Classical and Post-Classical
Prometheus Bound by Aeschylus
Prometheus Unbound by Percy Shelley
Frankenstein; or, The Modern Prometheus by Mary Shelley
Frankenstein Unbound by Brian Aldiss
That sequence forms a neat tetralogy. Aldiss knew what he was doing with that title.
Biblical and Post-Biblical
Genesis
Paradise Lost by John Milton
Frankenstein; or, The Modern Prometheus by Mary Shelley
Perelandra by CS Lewis
A Case Of Conscience and Black Easter/The Day After Judgment by James Blish
Genesis by Poul Anderson
In the second sequence, the theme is creation:
God creates Adam and Eve;
Frankenstein creates the monster;
Maleldil creates a new Adam and Eve on Venus;
Satan possibly creates the Lithians and becomes God;
an Artificial Intelligence re-creates extinct humanity on the future Earth.
Milton retells the theocentric Biblical narrative.
Mary Shelley, quoting Paradise Lost on her title page, initiates the anthropocentric sf tradition which is rejected by Lewis who reaffirms the Biblical-Miltonic tradition.
However, the sf tradition continues:
Blish responds to Lewis;
Anderson is arguably a culmination of this tradition.

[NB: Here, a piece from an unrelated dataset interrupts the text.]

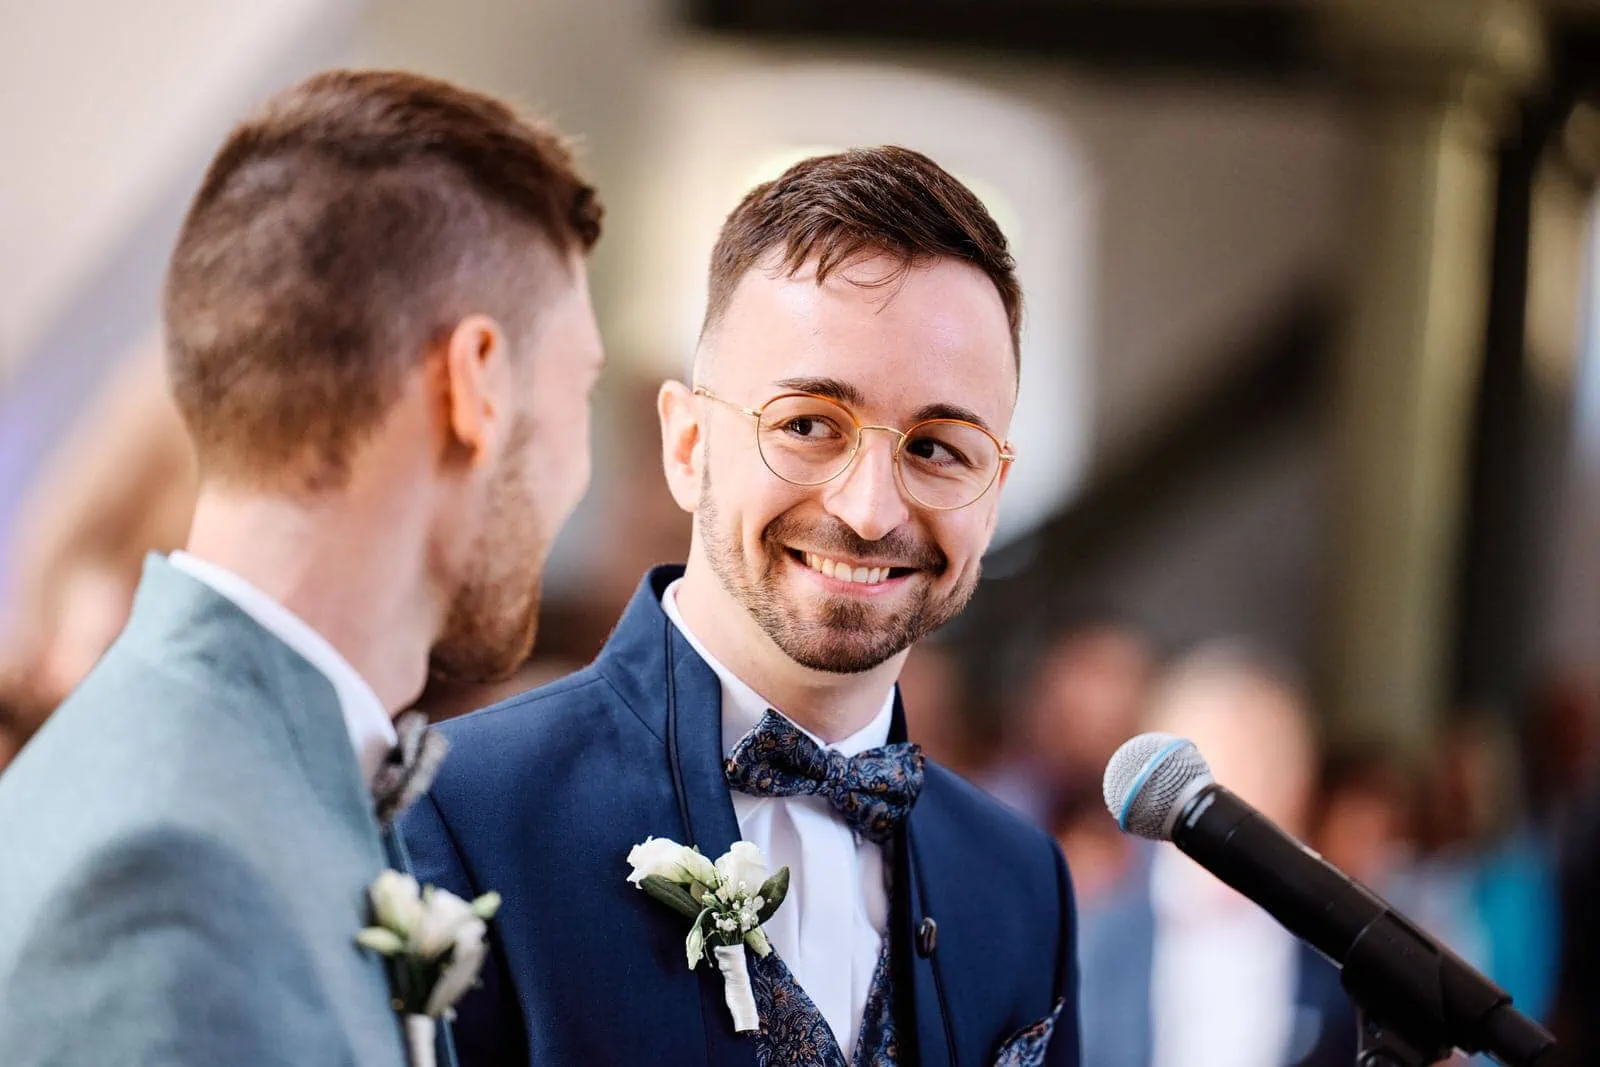 Strahlender Bräutigam lächelt liebevoll seinen zukünftigen Ehemann an. Eine bewegende Szene der Freude bei einer gleichgeschlechtlichen Hochzeit.
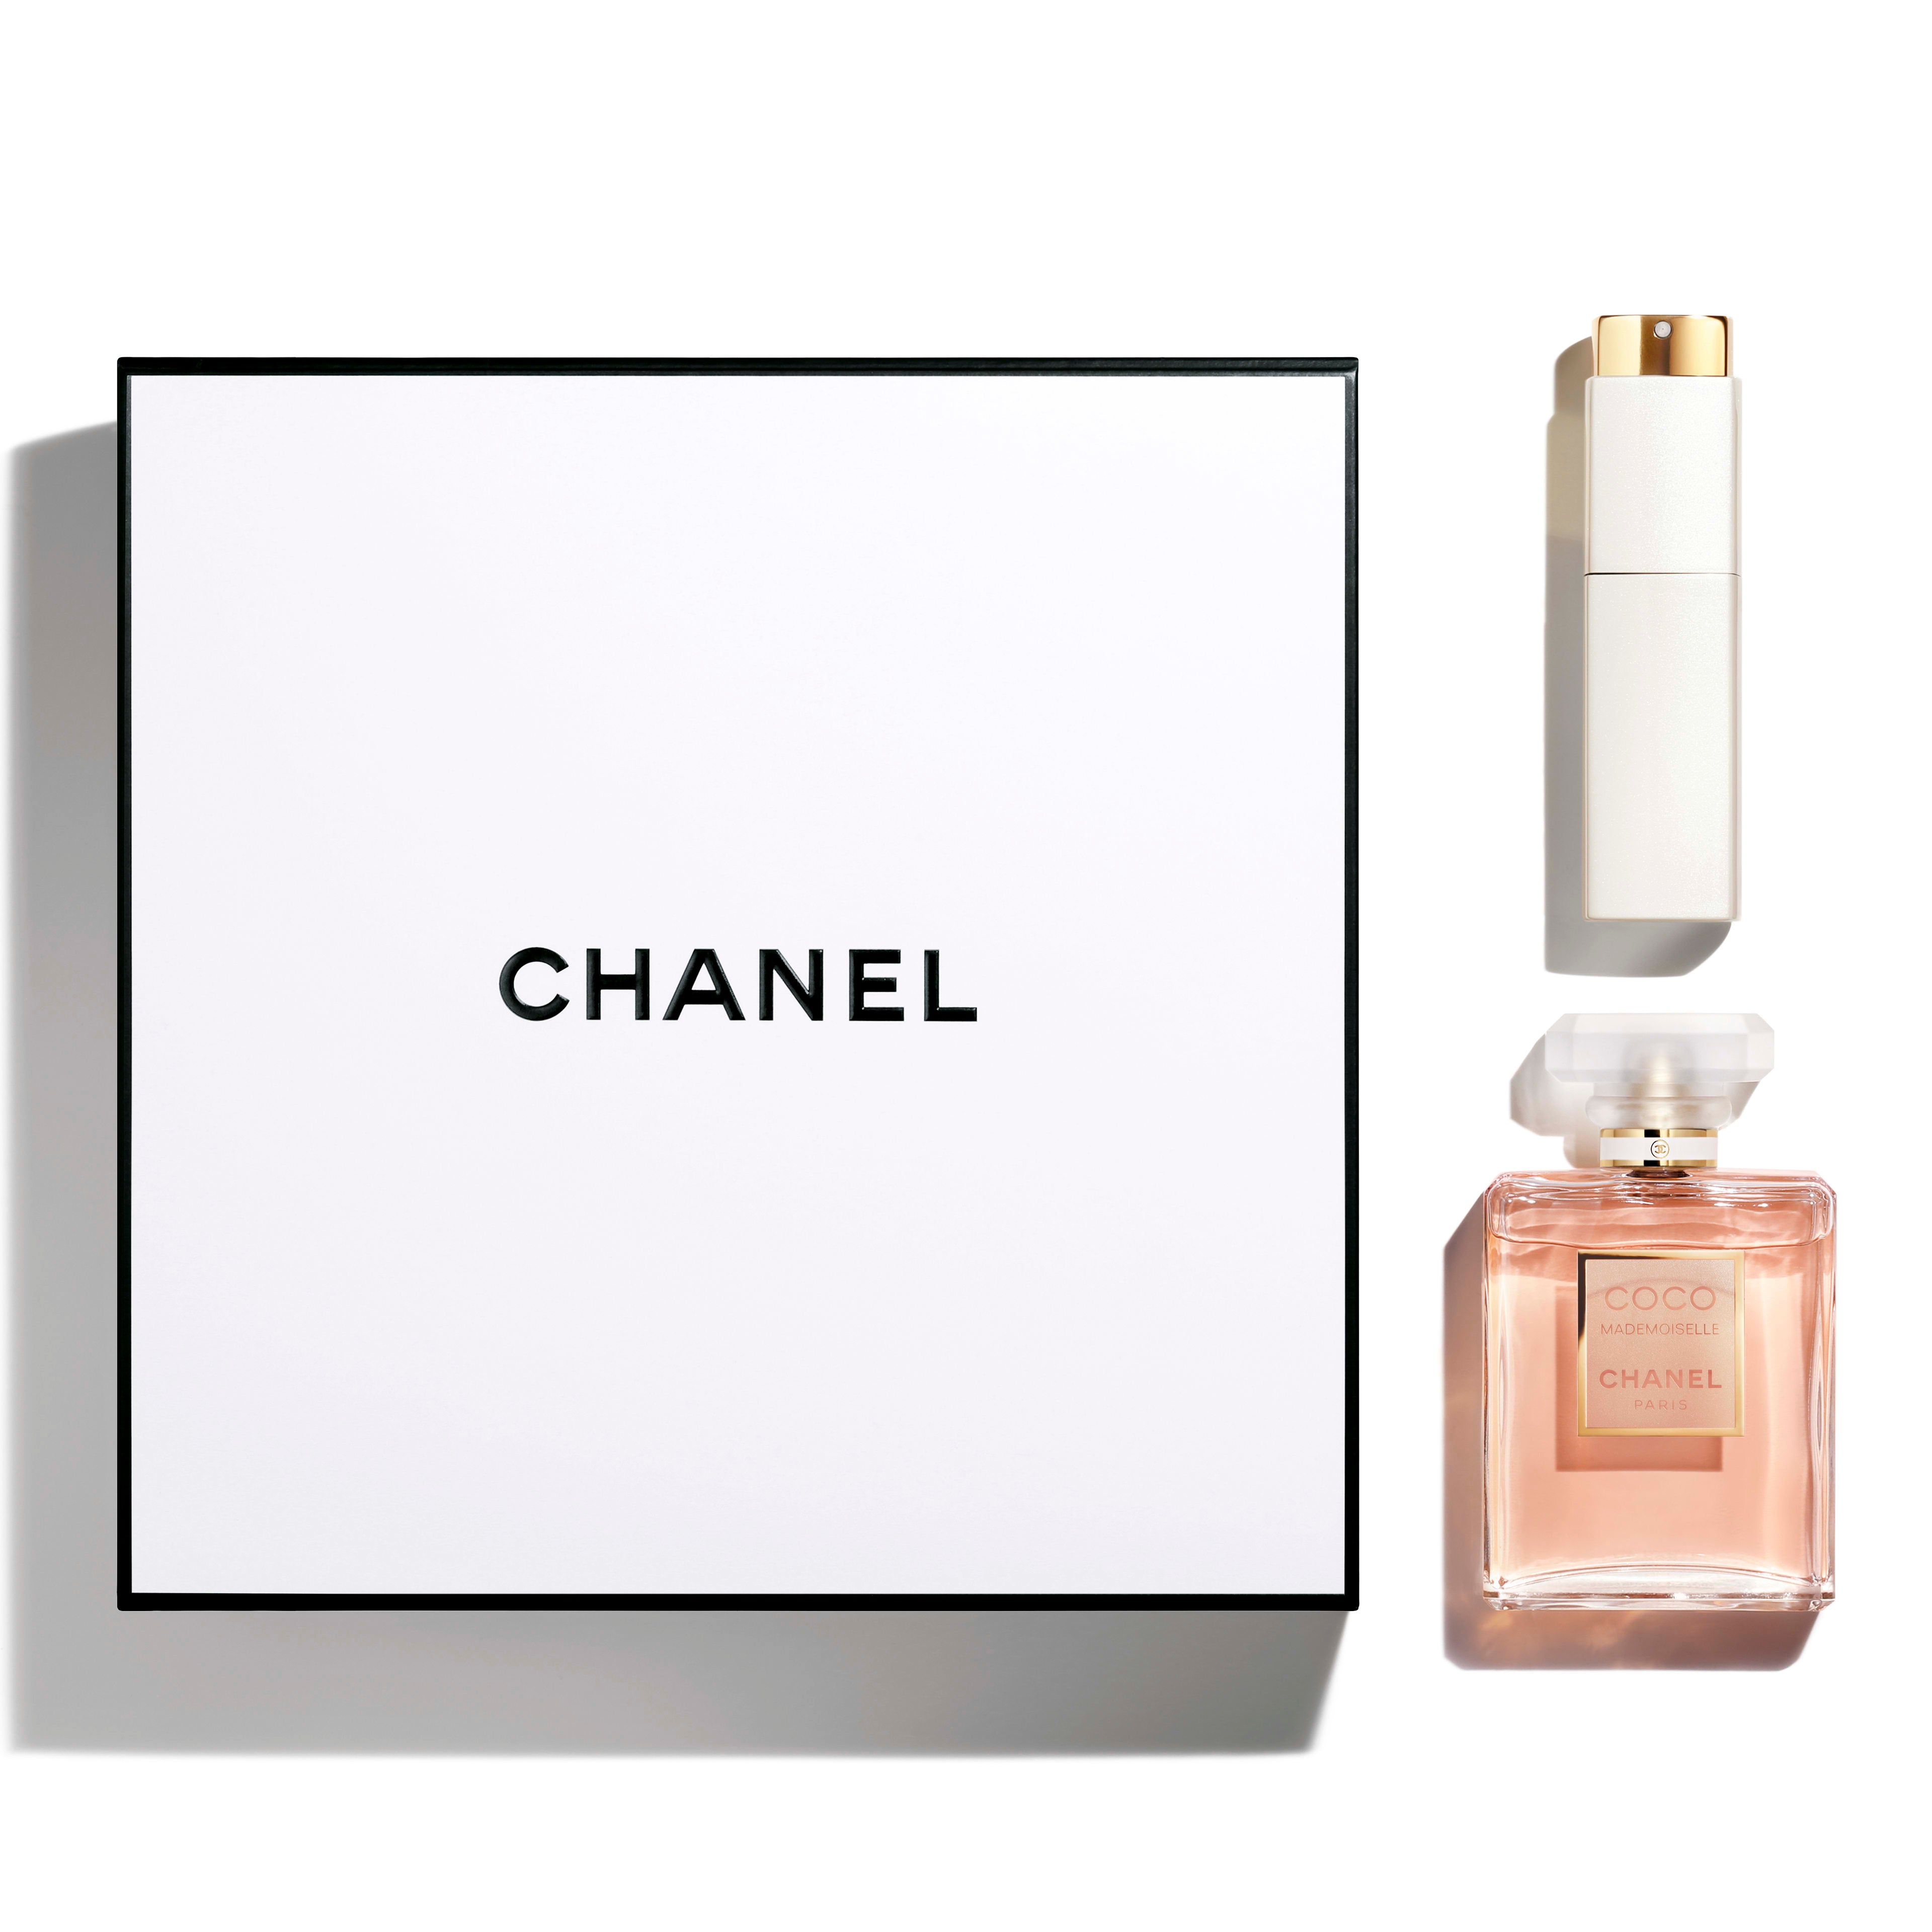 Eau De Toilette Chanel Eau Fraiche, Coco, No. 5, Allure 3x30ml Set 3 In 1  Chanel Gift Set For Women And Men - Antiperspirants - AliExpress

The question is: was, or would it be, right to (re)create humanity?
3 comments:
Kaor, Paul!
I'm surprised you did not include Dante's DIVINE COMEDY and Larry Niven and Jerry Pournelle's INFERNO and ESCAPE FROM HELL in the Biblical and Post Biblical section of your list.
And I certainly would say it was right of God to create the human race. Including any other intelligent races existing in the cosmos.
Sean
Sean,
I was trying to focus on narratives that involved creation.
Paul.
Kaor, Paul!
Oops! My bad for not understanding your point!